Jay S. Markowitz, P.C., Williston Park, NY, for appellant-respondent.
Schloss & Schloss, PLLC, Airmont, NY (Jonathan B. Schloss of counsel), for respondent-appellant.
CHERYL E. CHAMBERS, J.P., JEFFREY A. COHEN, BETSY BARROS, and VALERIE BRATHWAITE NELSON, JJ.
In an action, inter alia, for specific performance of a contract to purchase real property, the plaintiff appeals, as limited by its brief, from so much of an order of the Supreme Court, Kings County (Toussaint, J.), dated May 16, 2016, as granted those branches of the defendant's motion which were pursuant to CPLR 3211(a)(1) to dismiss the complaint and to cancel the notice of pendency, and the defendant cross-appeals from so much of the same order as denied those branches of its motion which were to direct the plaintiff to pay costs and expenses pursuant to CPLR 6514(c) and to impose sanctions on the plaintiff pursuant to 22 NYCRR 130–1.1.
ORDERED that the order is affirmed insofar as appealed and cross-appealed from, without costs or disbursements.
The plaintiff signed a contract to purchase a parcel of real property from the defendant. The plaintiff alleged that the defendant breached the contract and sought specific performance or, in the alternative, damages. The plaintiff also filed a notice of pendency with respect to the property. The defendant moved to dismiss the complaint pursuant to, inter alia, CPLR 3211(a)(1), on the ground that the contract contained a provision limiting the purchaser's remedy, in the event of the seller's default, to return of the down payment. The defendant also sought to cancel the notice of pendency, to direct the plaintiff to pay costs and expenses under CPLR 6514(c), and to impose sanctions pursuant to 22 NYCRR 130–1.1. The Supreme Court granted those branches of the defendant's motion which were pursuant to CPLR 3211(a)(1) to dismiss the complaint and to cancel the notice of pendency, but it denied those branches of the defendant's motion which were to direct the payment of costs and expenses and to impose sanctions.

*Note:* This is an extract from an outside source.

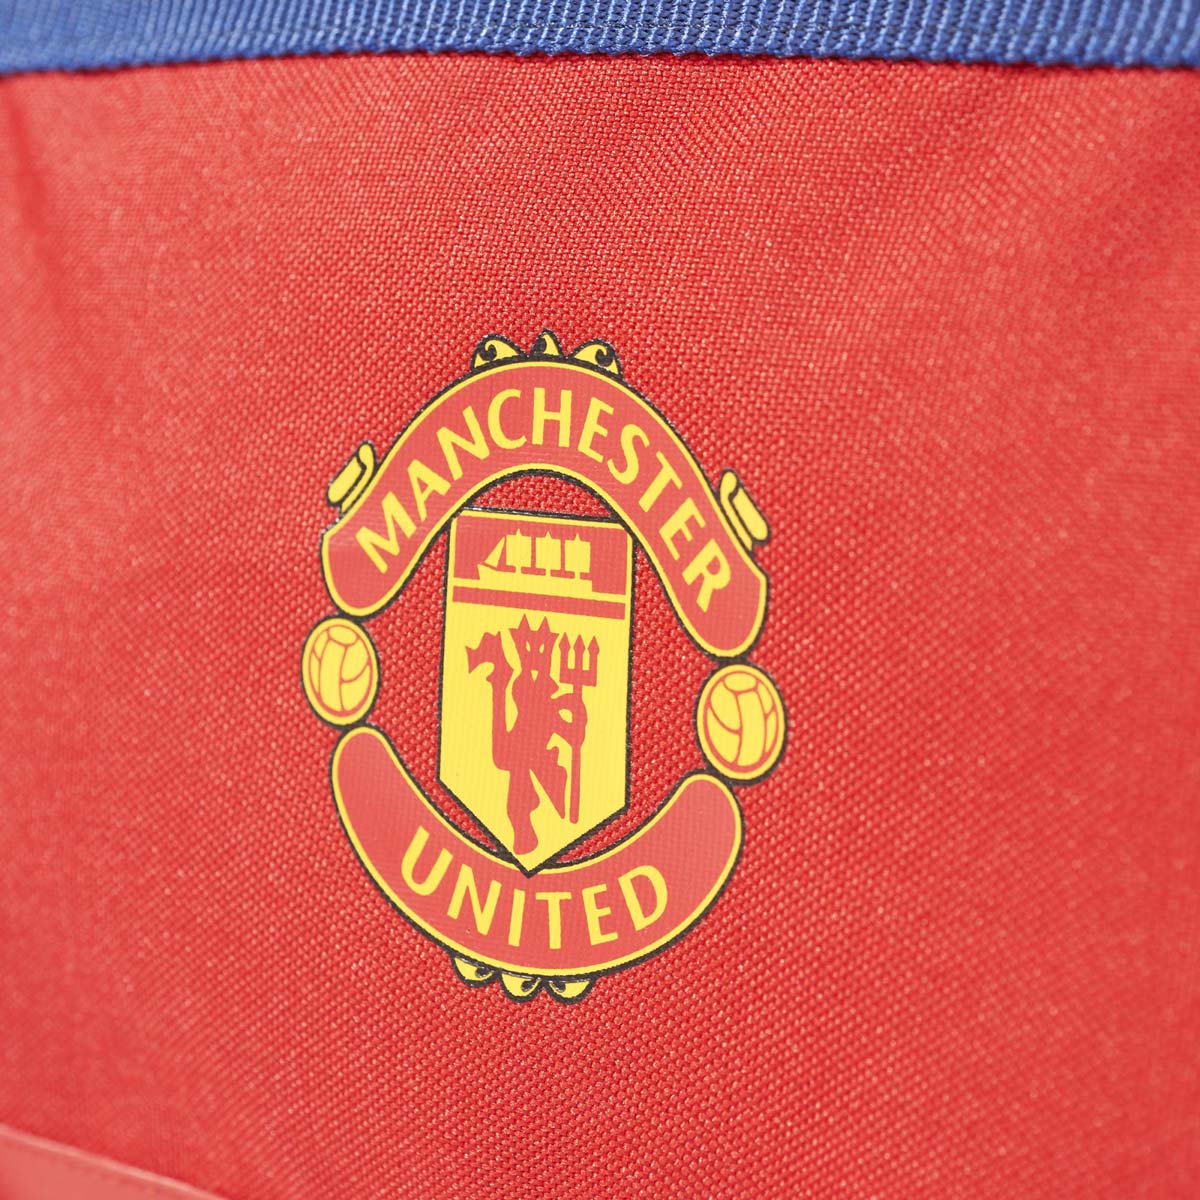 Manchester United FC Team Bag Medium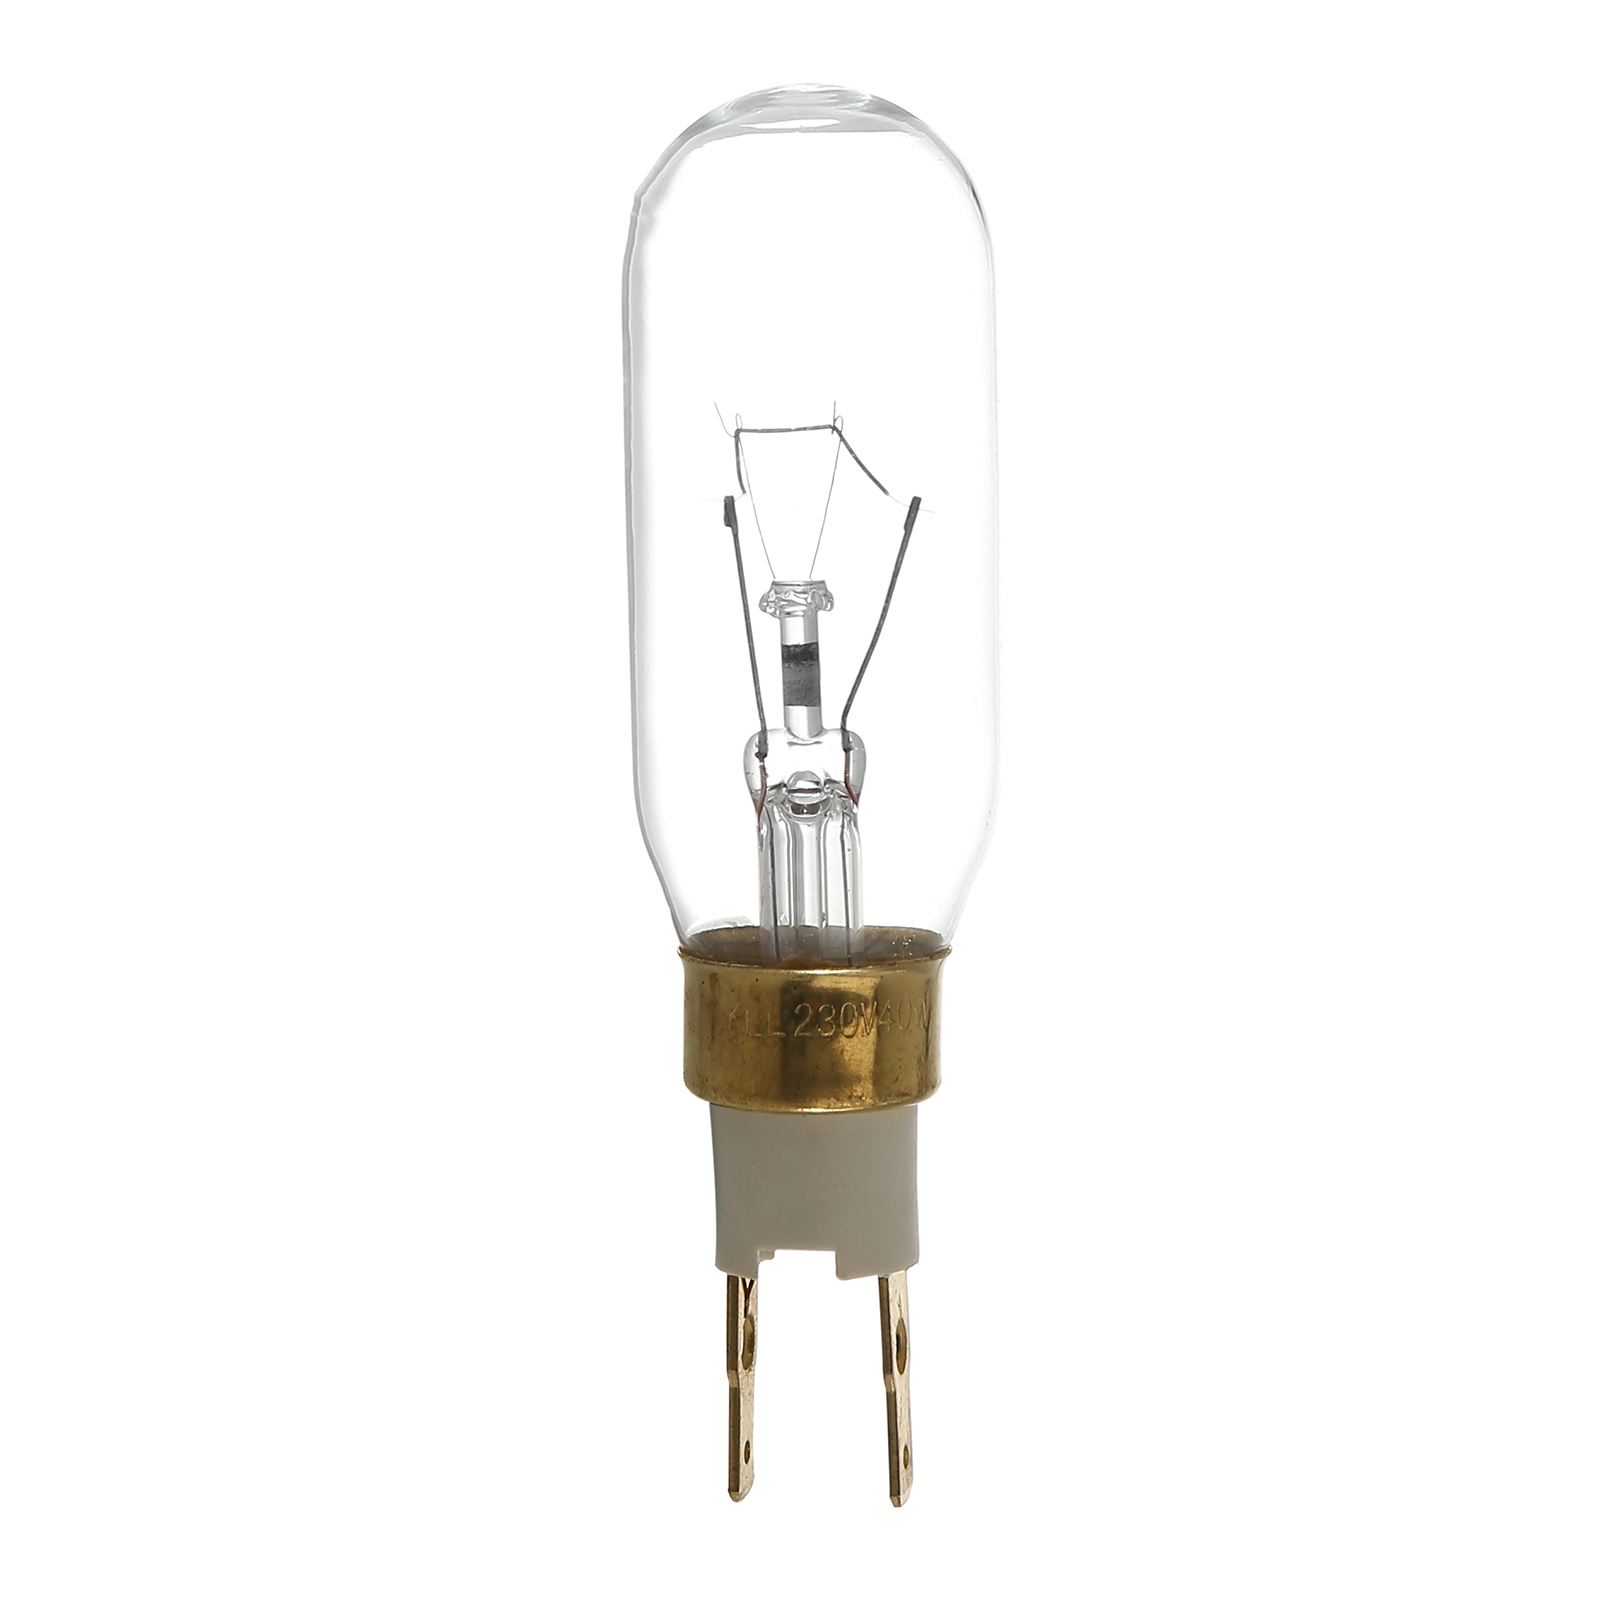 Whirlpool Fridge Freezer Lamp Light Bulb Type T Click 40w - 484000000986 LP32

To prevail on a motion to dismiss a complaint pursuant to CPLR 3211(a)(1), a defendant must demonstrate that the proffered documentary evidence " ‘utterly refutes plaintiff's factual allegations, conclusively establishing a defense as a matter of law’ " (Old Republic Nat. Tit. Ins. Co. v. Junc. Abstract, Inc., 150 A.D.3d 757, 55 N.Y.S.3d 256, quoting Goshen v. Mutual Life Ins. Co. of N.Y., 98 N.Y.2d 314, 326, 746 N.Y.S.2d 858, 774 N.E.2d 1190 ). An unambiguous contract provision may qualify as documentary evidence under CPLR 3211(a)(1) (see Wilson v. Poughkeepsie City Sch. Dist., 147 A.D.3d 1112, 1113, 48 N.Y.S.3d 244 ; Madison Equities, LLC v. Serbian Orthodox Cathedral of St. Sava, 144 A.D.3d 431, 431, 39 N.Y.S.3d 779 ). Here, the Supreme Court properly determined that the defendant had conclusively established as a matter of law that the disputed provision in the contract clearly and unambiguously limited the purchaser's remedy in the event of the defendant's breach of the contract to the return of the down payment, and thus precluded specific performance or an award of damages. Accordingly, the court properly granted that branch of the defendant's motion which was to dismiss the complaint pursuant to CPLR 3211(a)(1), and thereupon, properly directed cancellation of the notice of pendency (see Saul v. Vidokle, 151 A.D.3d 780, 56 N.Y.S.3d 230 ; Gallagher Removal Serv. v. Duchnowski, 179 A.D.2d 622, 623, 578 N.Y.S.2d 584 ).
Under the circumstances of this case, the Supreme Court did not improvidently exercise its discretion in declining to direct that the plaintiff pay costs and expenses pursuant to CPLR 6514(c) or to impose sanctions on the plaintiff pursuant to 22 NYCRR 130–1.1 (see Bank of Am., N.A. v. Angel, 144 A.D.3d 612, 612, 41 N.Y.S.3d 425 ; DeCaro v. East of E., LLC, 95 A.D.3d 1163, 1164, 945 N.Y.S.2d 159 ; Shkolnik v. Krutoy, 65 A.D.3d 1214, 1216, 886 N.Y.S.2d 705 ; Kaufman v. Torkan, 51 A.D.3d 977, 980, 859 N.Y.S.2d 253 ).